Crude oil is arguably the most important commodity in the world today. The product and its derivatives have made their way into virtually every application of modern life from transportation to plastics.
This vital commodity also dominates politics in many parts of the world, ensuring that some top-producing nations have outsized influence on the world stage. In light of this, many might assume that most investors know everything about the product and how it trades around the globe. However, that is not the case, as there are several misconceptions about the various types of oil and how this commodity is priced [see also USA Oil Reserves: The World’s Largest?].
Brent vs. WTI Crude Oil
One of the most important issues is the type of oil and the differing benchmarks for crude oil prices around the world. Many might not realize that oil pulled out of the ground in Texas isn’t the same as the product from the North Atlantic. There are varying degrees of oil based on a variety of metrics, such as the oil’s API gravity. The American Petroleum Institute gravity is a statistic that is used to compare a petroleum liquid’s density to water. This scale generally falls between 10 and 70, with ‘light’ crude oil typically having an API on the higher side of the scale, while heavy oil has a reading that falls on the lower end of the range.
Beyond API gravity, investors also need to take into consideration how sweet or sour a petroleum is. This is based on the sulfur content of the underlying fuel, with 0.5% being a key benchmark. When oil has a total sulfur level greater than half a percent, it is considered ‘sour’, while a content less than 0.5% indicates that an oil is ‘sweet’. Sour oil is more prevalent than its sweet counterpart and comes from oil sands in Canada, the Gulf of Mexico, some South American nations, as well as most of the Middle East. Sweet crude, on the other hand, is typically produced in the central U.S., the North Sea region of Europe, and much of Africa and the Asia Pacific region. While both types are useful, end users generally prefer sweet crude as it requires less processing in order to remove impurities than its sour counterpart. Light and sweet forms of crude oil are heavily prized while heavy sour types of fuel often trade at a discount to their more in-demand cousins [read Analyzing Five High Yielding Oil & Gas Pipeline Stocks].
With these two key factors, investors can begin to price these different types of oil on the world market. Currently, there are two major benchmarks for world oil prices, West Texas Intermediate (WTI for short) and Brent crude oil. Both are light, sweet crude oils although WTI is generally sweeter and lighter than its European counterpart. As a result of this, WTI often trades at a premium, usually by just a few dollars a barrel.

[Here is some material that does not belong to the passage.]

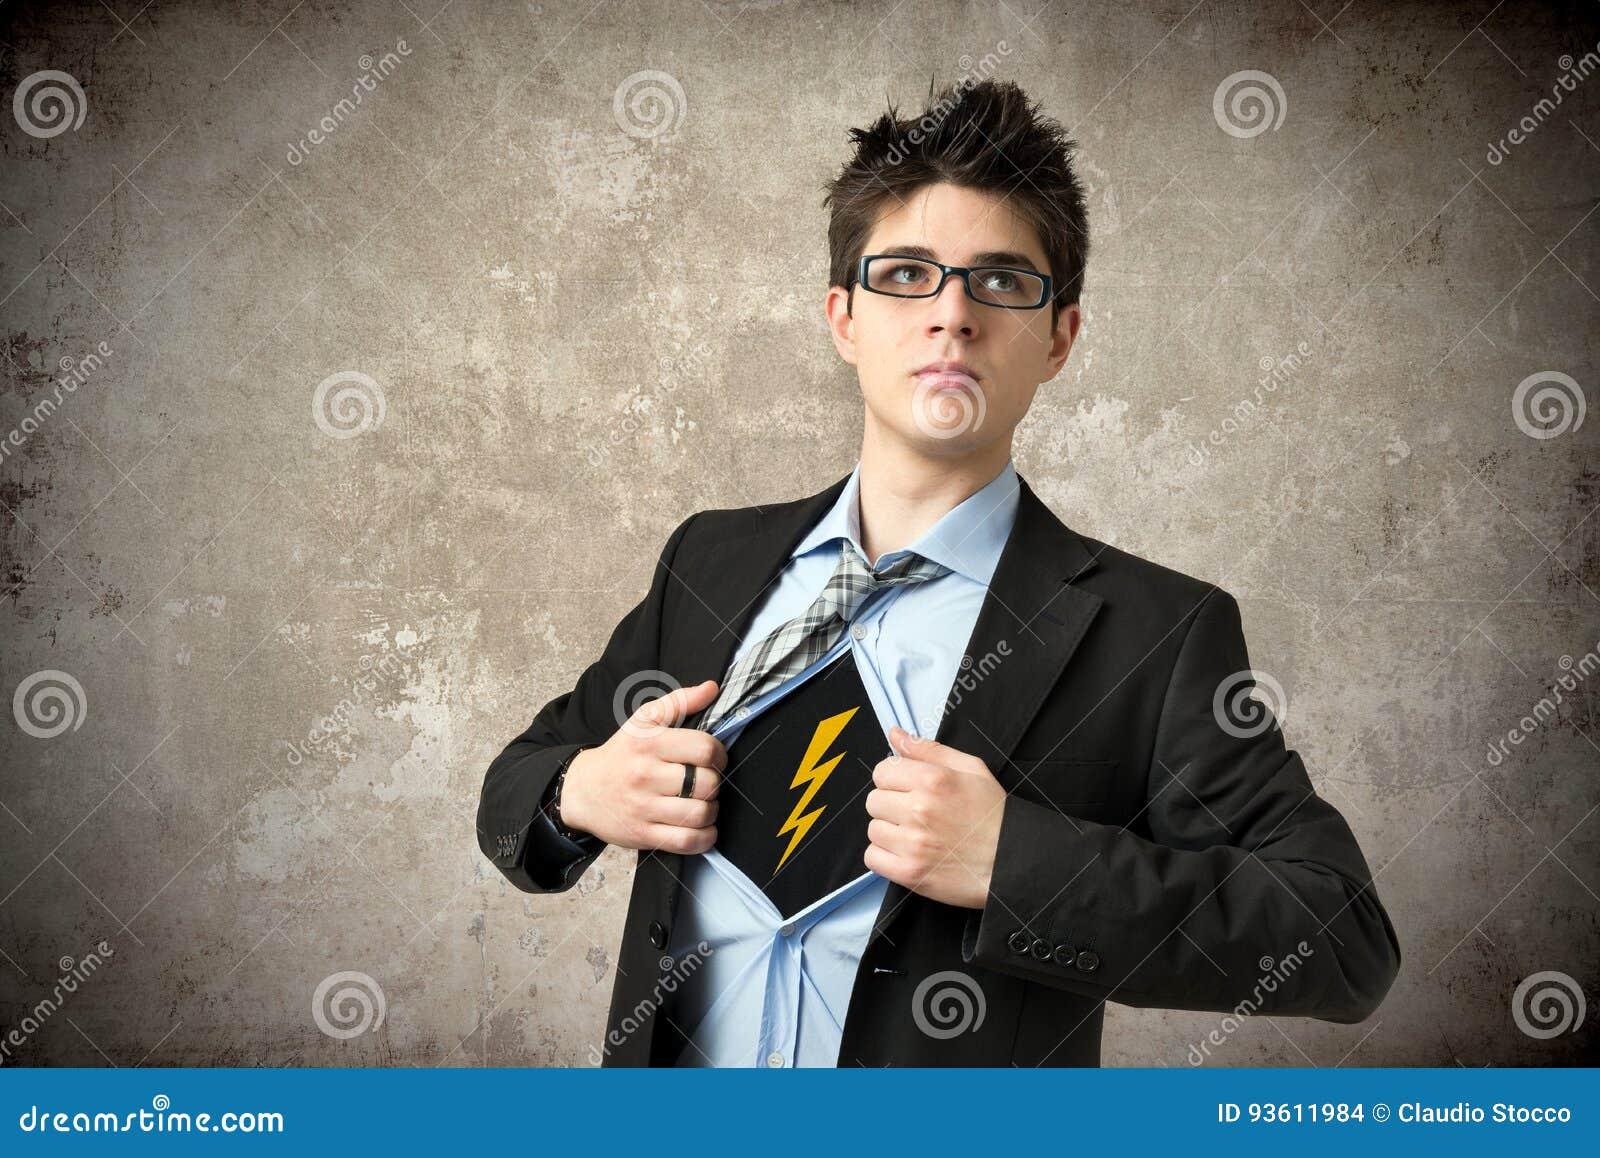 Le super héros ouvre la chemise
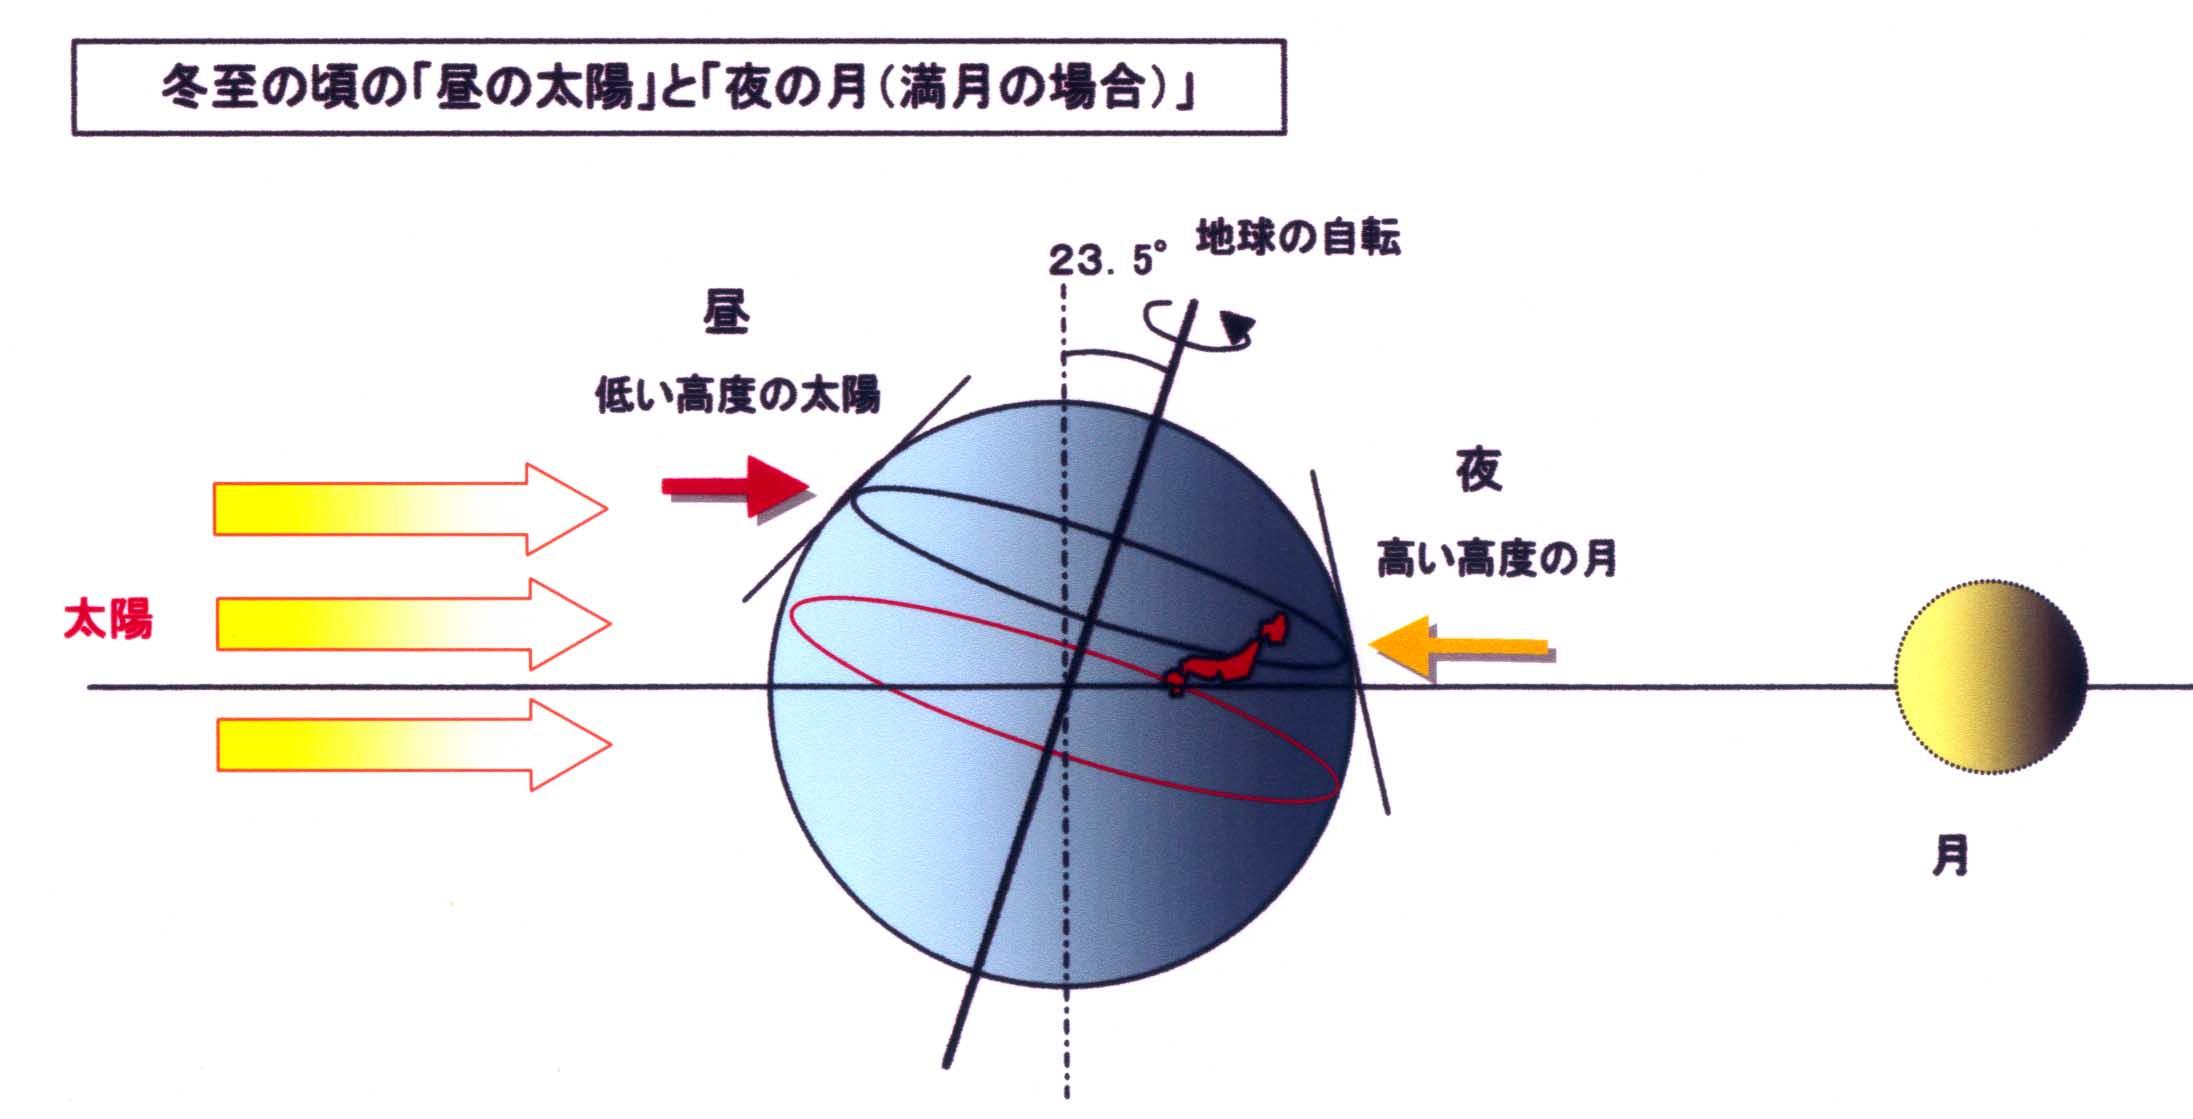 冬至の太陽と地球と月の関係(高度)

However, thanks to a Libyan crisis, which has decreased the supply of light, sweet crude in the European region, and a supply glut at the main storage facility of WTI in Oklahoma, the premium/discount situation has flipped and now Brent is more expensive than WTI.
Thanks to two ETFs on the market today, USO and BNO, investors can easily see how the two forms of oil have changed in price over time. Consider the chart below, which plots the two ETFs against each other from March 2010 to September 2011.
Prices tend to be highly correlated with each other over a long-term period. However, at the start of 2011, around the same time that the ‘Arab Spring’ began to take place, the prices of the two ETFs diverged, with BNO climbing far higher than its WTI-tracking counterpart. Once investors realized that more production wouldn’t be lost in the region, and that the Libyan situation was likely to remain an issue for quite some time, the prices of the two ETFs began to mirror each other throughout the rest of the third quarter of 2011, although BNO kept its hefty premium. Clearly, choosing the correct oil fund can have a huge impact on overall return, just as we have seen in this extreme, but very relevant, case.
Other Factors to Consider
Geopolitical events can also significantly impact oil and create supply issues. Demand metrics alone clearly do not determine the price of oil around the world, and investors must be aware of this when considering buying into the crude oil market. A correct bet on a commodity alone might not be enough; investors must be sure to also select the correct type of commodity, as this can lead to vastly different returns far beyond what some investors might initially suspect.
Disclosure: No positions at time of writing.